Nie bierz ryb od obcych
Pewnego dnia Grzegorza obudziły przeraźliwe piski.
- Wyglądam z namiotu i widzę jak wikunię zagryza stado dzikich psów! Chciałem pomóc zwierzęciu, rzucając w psy kamieniami. Nie za bardzo się to udało. Rzuciłem czterema, z czego dwa trafiły wikunię.
Na brak wrażeń Grzegorz Szyszkowski nie mógł narzekać także podczas przekraczania granicy chilijsko-boliwijskiej.
- Byłem w pomieszczeniu z celnikiem. Próbowałem go zagadać. Na ścianie było zdjęcie 40-letniej kobiety, więc mówię do tego celnika: „O, niezła laska!” On na mnie patrzy i mówi: to nasz prezydent... Skąd miałem wiedzieć, że w Chile prezydentem jest kobieta.
Często przebywał obraną trasę w rytmie marsza wygrywanego przez... kiszki. Nic dziwnego, że skoro trafił na swojej drodze na bazę wojskową, poprosił żołnierzy o jedzenie.
- Dostałem od nich puszki z rybą. Prawdopodobnie żołnierze zrobili sobie ze mnie jaja i dali mi żarcie dla kota.
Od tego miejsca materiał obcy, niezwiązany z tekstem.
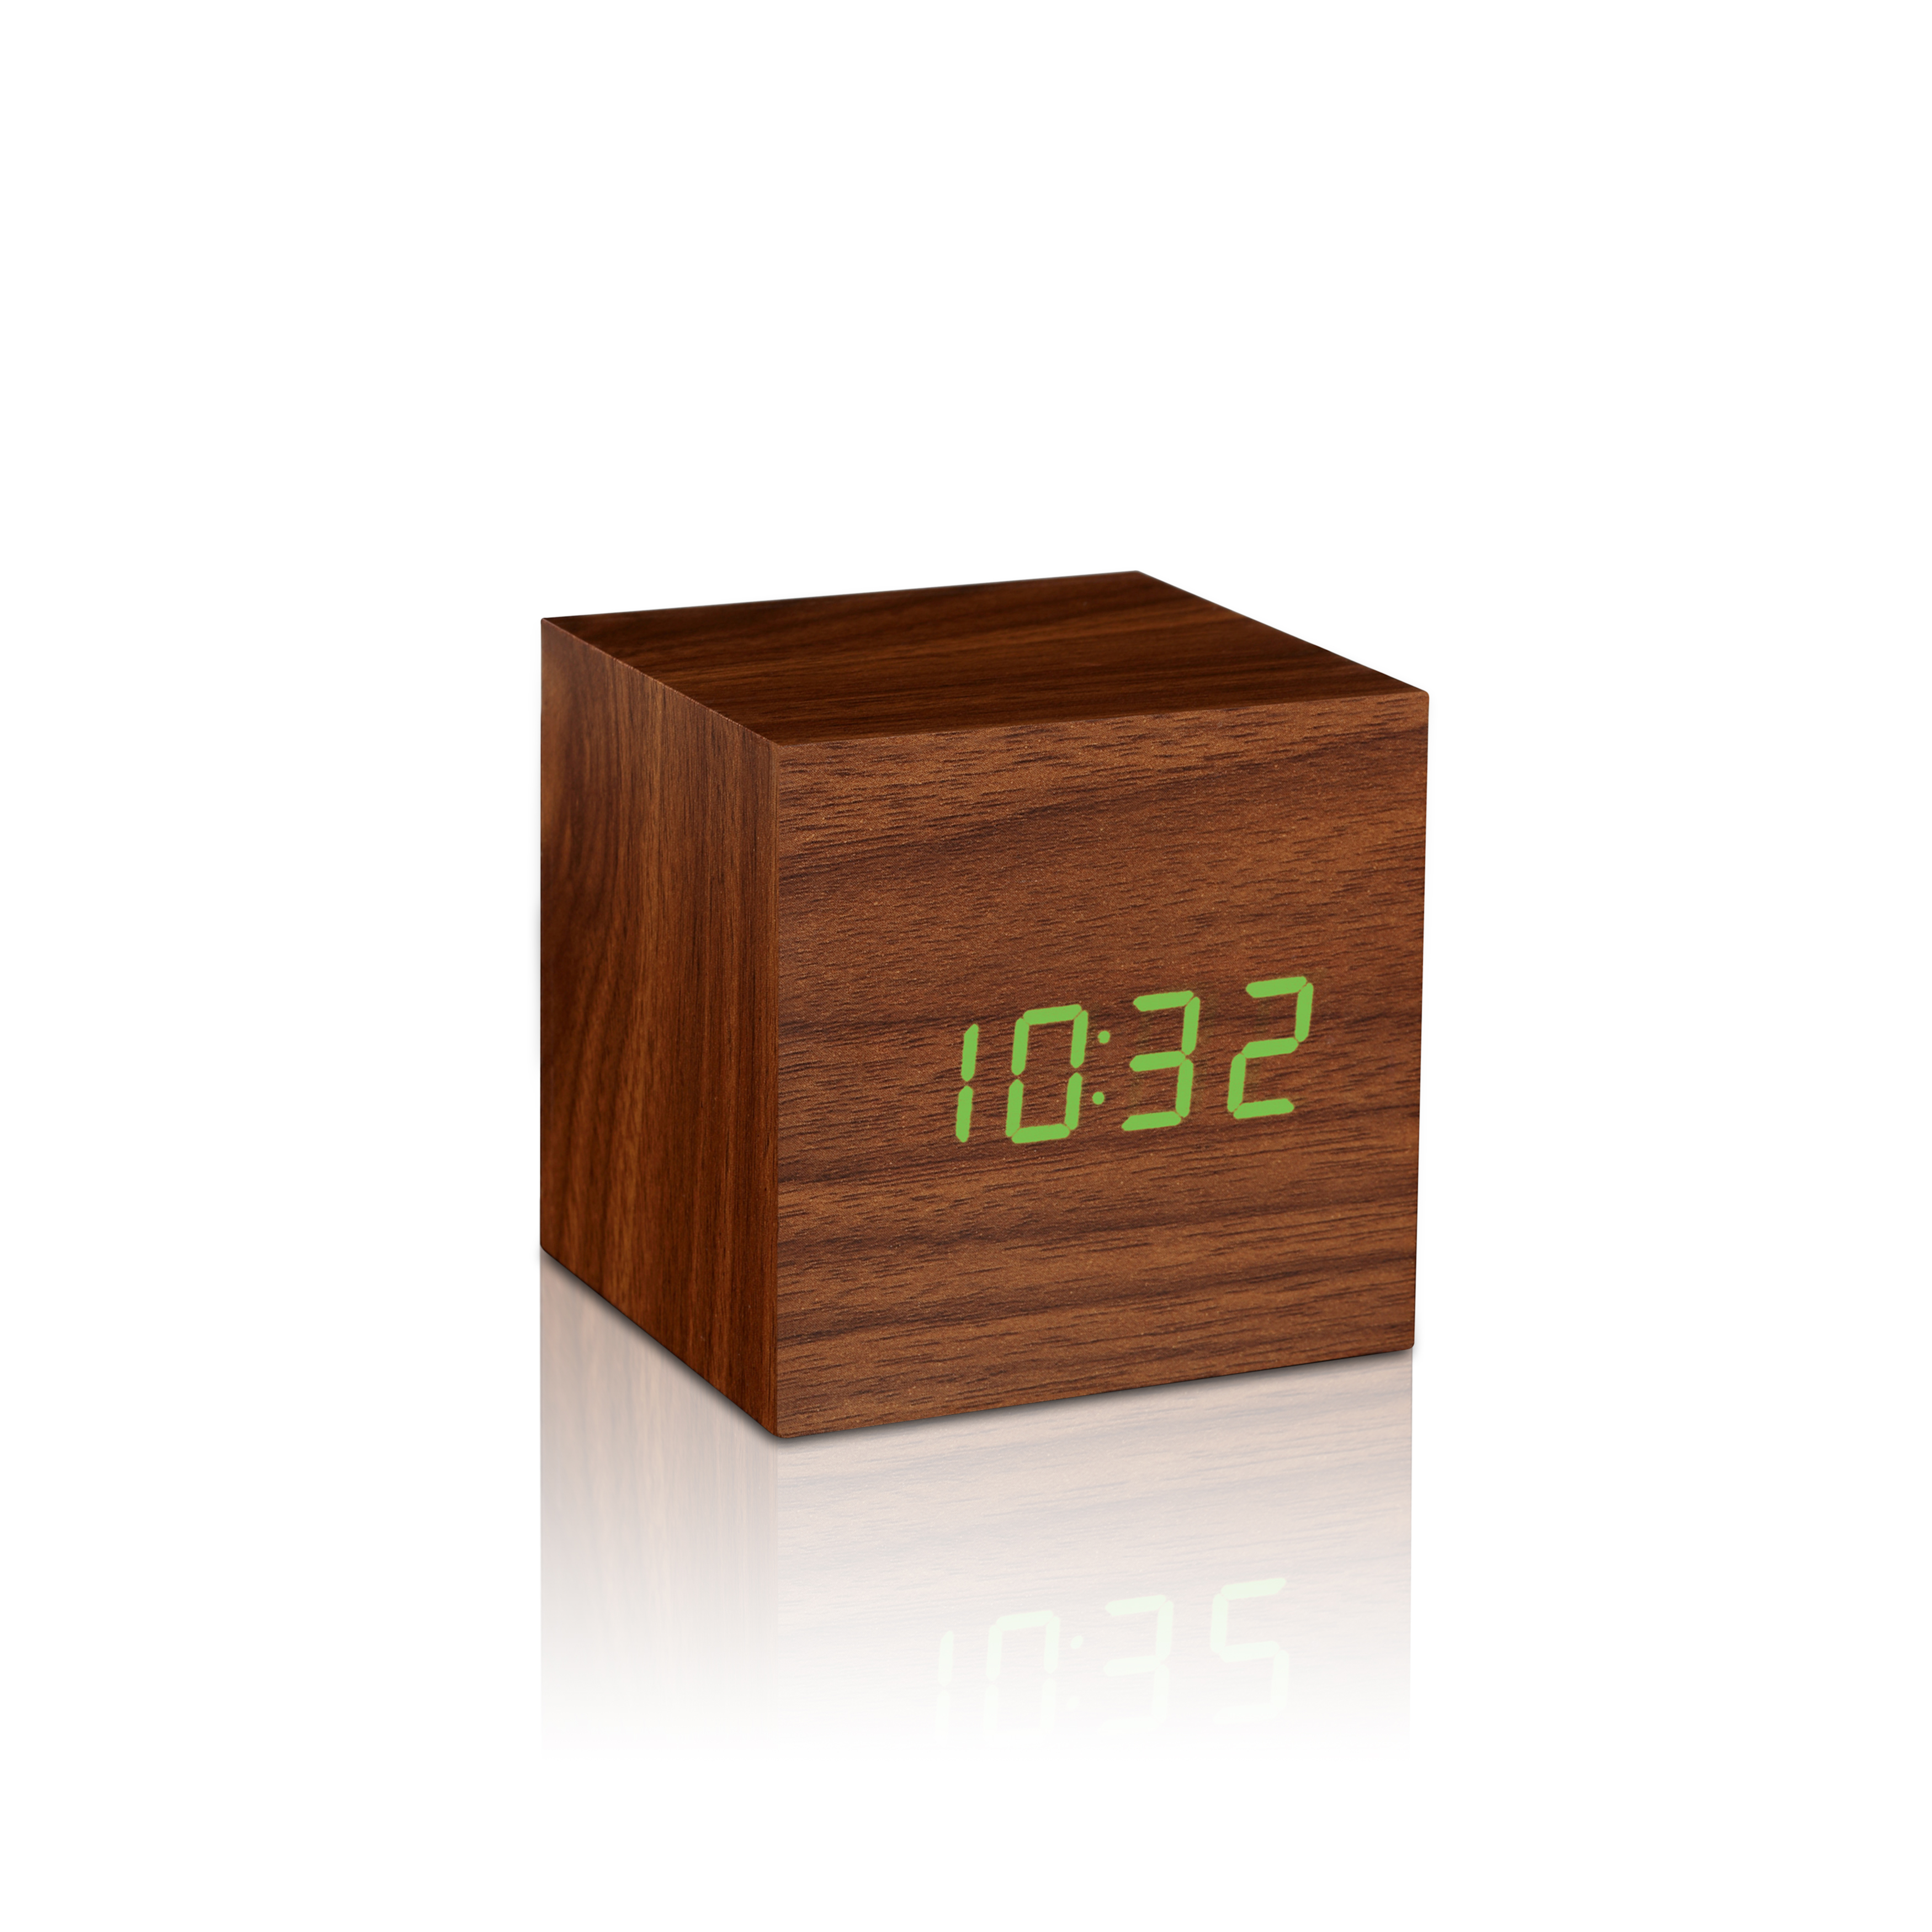 Ceas inteligent Cube Click Clock Walnut/Green

Otworzyłem pierwszą puszkę i zacząłem jeść. W pewnym momencie trafiłem na ogon ryby. Ale byłem głodny, jadłem dalej. Do momentu, kiedy znalazłem głowę i oczy... Chorowałem po tym dwa dni.
Kociewie w Internecie
Drugi gość Spotkania Regionalnego, slawista dr Dusan Pazdjerski, zaprezentował swój projekt Biblioteki Internetowej Rastko.
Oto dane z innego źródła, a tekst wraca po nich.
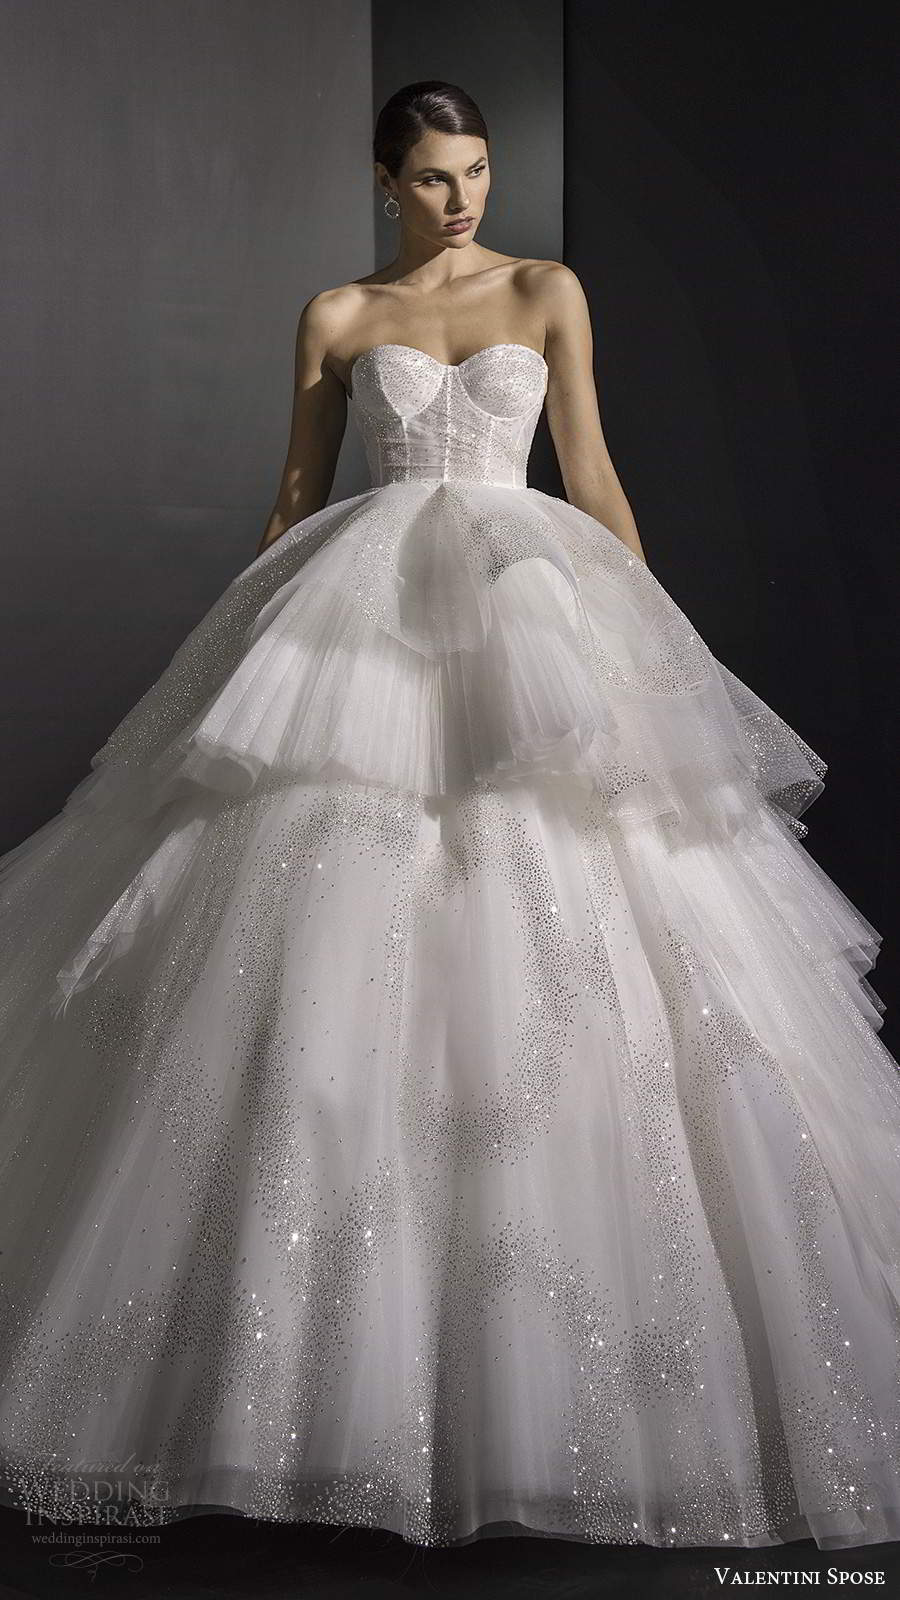 valentini spose fall 2020 bridal strapless sweetheart neckline sheer corset bodice fully embellished glitzy a line ball gown wedding dress chapel train (10) mv

- Internet to medium przyszłościowe. Na razie większość ludzi czerpie informacje z książek. Nasz projekt prezentuje książki w postaci cyfrowej. Rastko ma już 10 lat. W ciągu tego okresu dużo już zostało zrobione, wciąż pracujemy i nadal będziemy pracować nad projektem.
Jeśli chcesz pomóc autorom Biblioteki Internetowej, możesz wesprzeć ich przy korekcie zeskanowanych fragmentów książek (dostępnych na stronie internetowej Rastko).
Projektem o podobnym charakterze są „Teki Kociewskie” autorstwa członków Oddziału Kociewskiego ZKP. Krzysztof Korda, prezes oddziału, tak wytłumaczył ideę „Tek…”:
- Nie wszystko można łatwo wydać. Z pomocą przychodzi Internet.
Michał Kargul, sekretarz oddziału uzupełnił:
- Mnóstwo jest prac na wysokim poziomie. Mnóstwo jest też esejów, rozważań i refleksji na tematy związane z regionem, które nie mają możliwości się ukazać. Swoje miejsce znajdą w naszym czasopiśmie.
Co jeszcze w „Tekach…”?
- Znajdzie się w nich także miejsce ma sprawozdania z prac naszego oddziału - kontynuuje Kargul. - Pierwszy zeszyt został poświęcony pamięci Romana Landowskiego. Czasopismo będzie można ściągnąć ze strony Zrzeszenia Kaszubsko-Pomorskiego.